Carta Potiguar - uma alternativa crítica

publicado em 28 de fevereiro de 2013

Lei prevê punição para aluno que desrespeitar professor

postado por David Rêgo

“Dizem que quando Papai Noel passeava pelo mundo distribuindo presentes ele acabou passando pela Somália.

Aí, aquele menininho mirrado e magro chega com seus olhos esbugalhados e pedintes…
– Papai-Noel, Papai-Noel, você me da um presente…
– Nan, nan, nin nan não. Menino que não come direito não ganha presente”.

Alguns tipos de humor negro são uma ótima forma de sátira da vida cotidiana.

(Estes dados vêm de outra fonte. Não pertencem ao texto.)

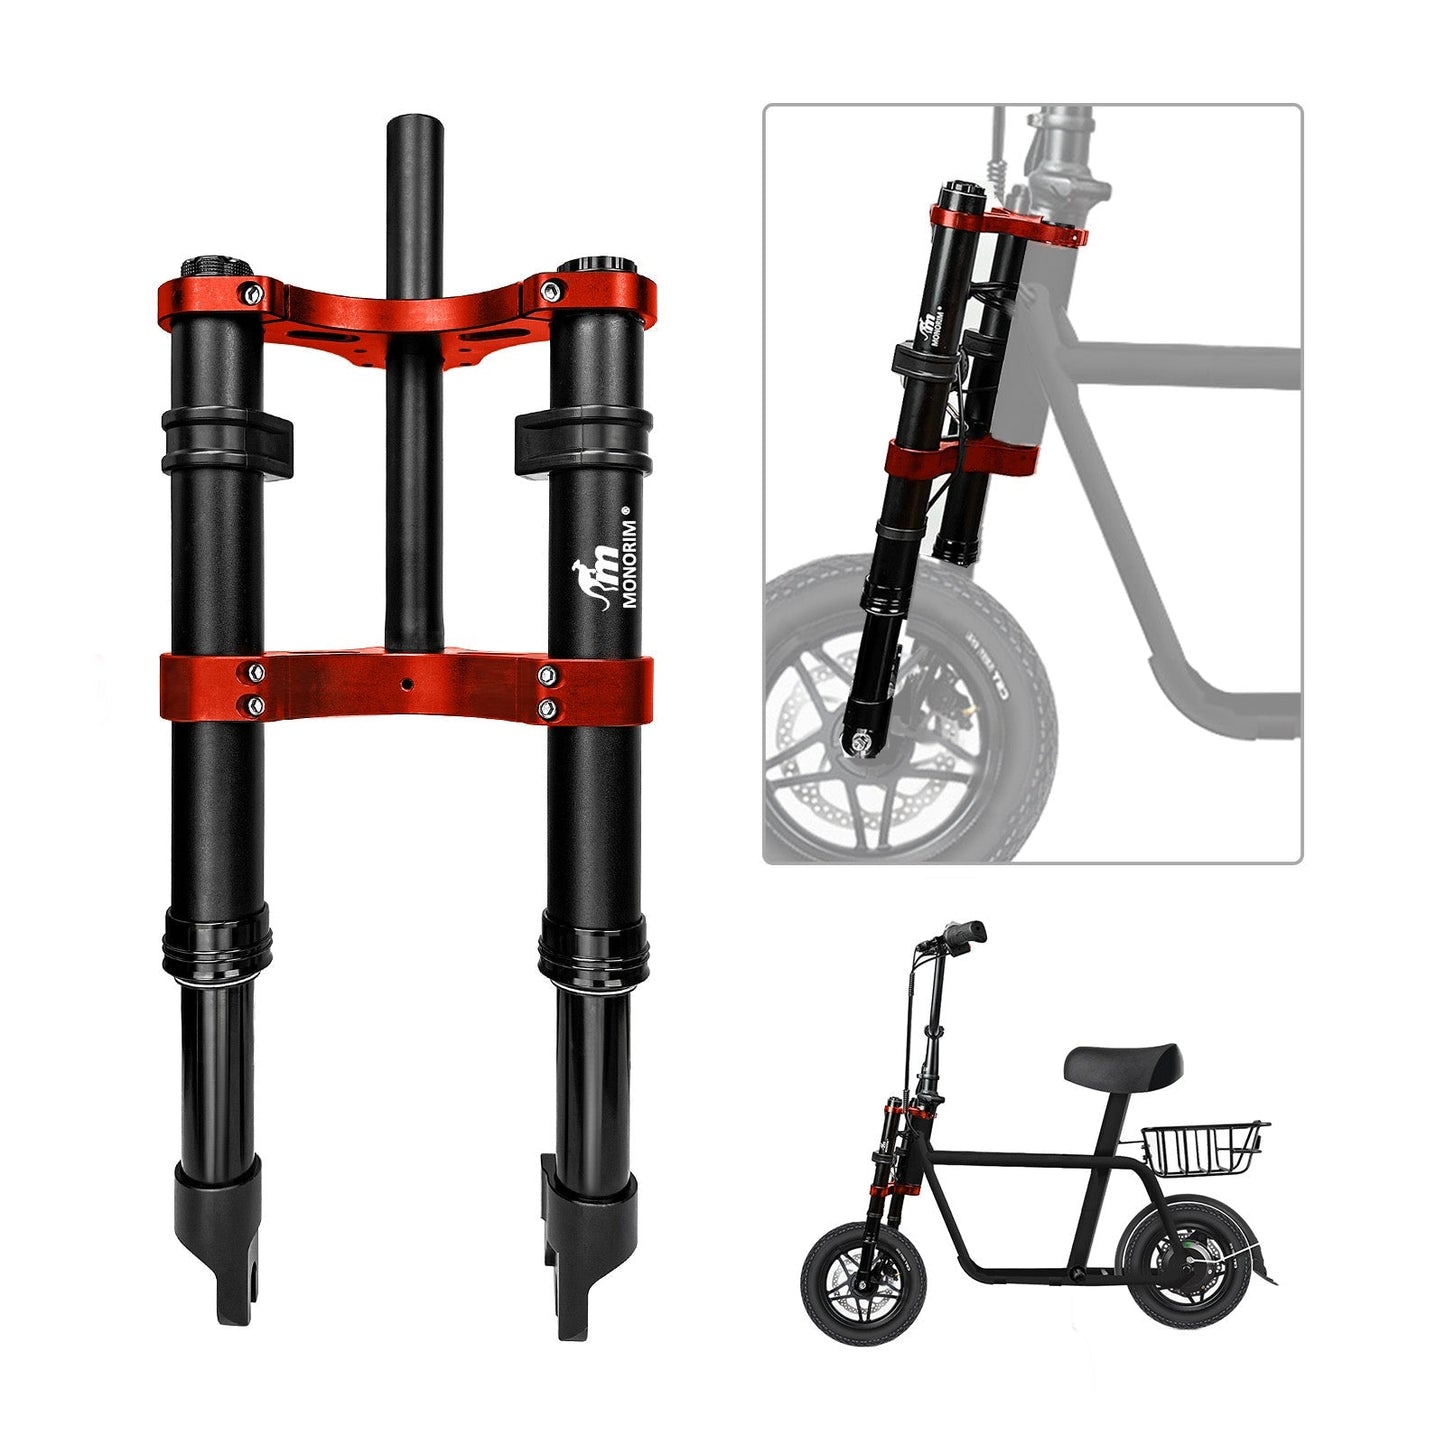 Monorim MB0-12inch front air suspension modify great kit to be more safety and comfort for Engwe T14  ebike

De forma ácida, nos alerta para problemas de ordem social. No caso da piada acima, a criança é punida mesmo sendo vítima.

Algo semelhante (nas devidas proporções) pode começar a acontecer no Brasil. Tal como divulgam vários veículos de comunicação, hoje (Quinta-Feira, dia 28) foi aprovada pela Comissão de Seguridade Social e Família da Câmara dos Deputados o projeto de lei 267/2011, de autoria da deputada federal Cida Borghetti (PP-PR). A lei que prevê punição jurídica para alunos que desrespeitaram professores (fonte aqui) .

Posiciono-me completamente contra esse tipo de lei, e por várias razões. A primeira delas deve-se ao fato de ser  completamente contra a “judicialização” da vida cotidiana. Problemas do dia-a-dia devem ser resolvidos entre a sociedade e não no campo do judiciário. O desrespeito aos professores é notório, porém, não acredito que devemos fazer uma lei para evitar esse tipo de coisa.

Já que existe um problema evidenciado devemos criar políticas públicas para sanar os problemas. Uma das razões dos alunos não respeitarem mais os professores deve-se ao fato das crianças não possuírem mais adultos que lhe forneçam uma atenção em tempo integral para a formação moral e ética dos pequenos humanos. Não possuem mais uma mãe em casa para educá-los, a mãe foi roubada deles pelo chamado “mercado de trabalho” e não colocaram nada nem ninguém para substituí-la. As crianças em dias de hoje ficam jogadas, sem ter quem ensine valores.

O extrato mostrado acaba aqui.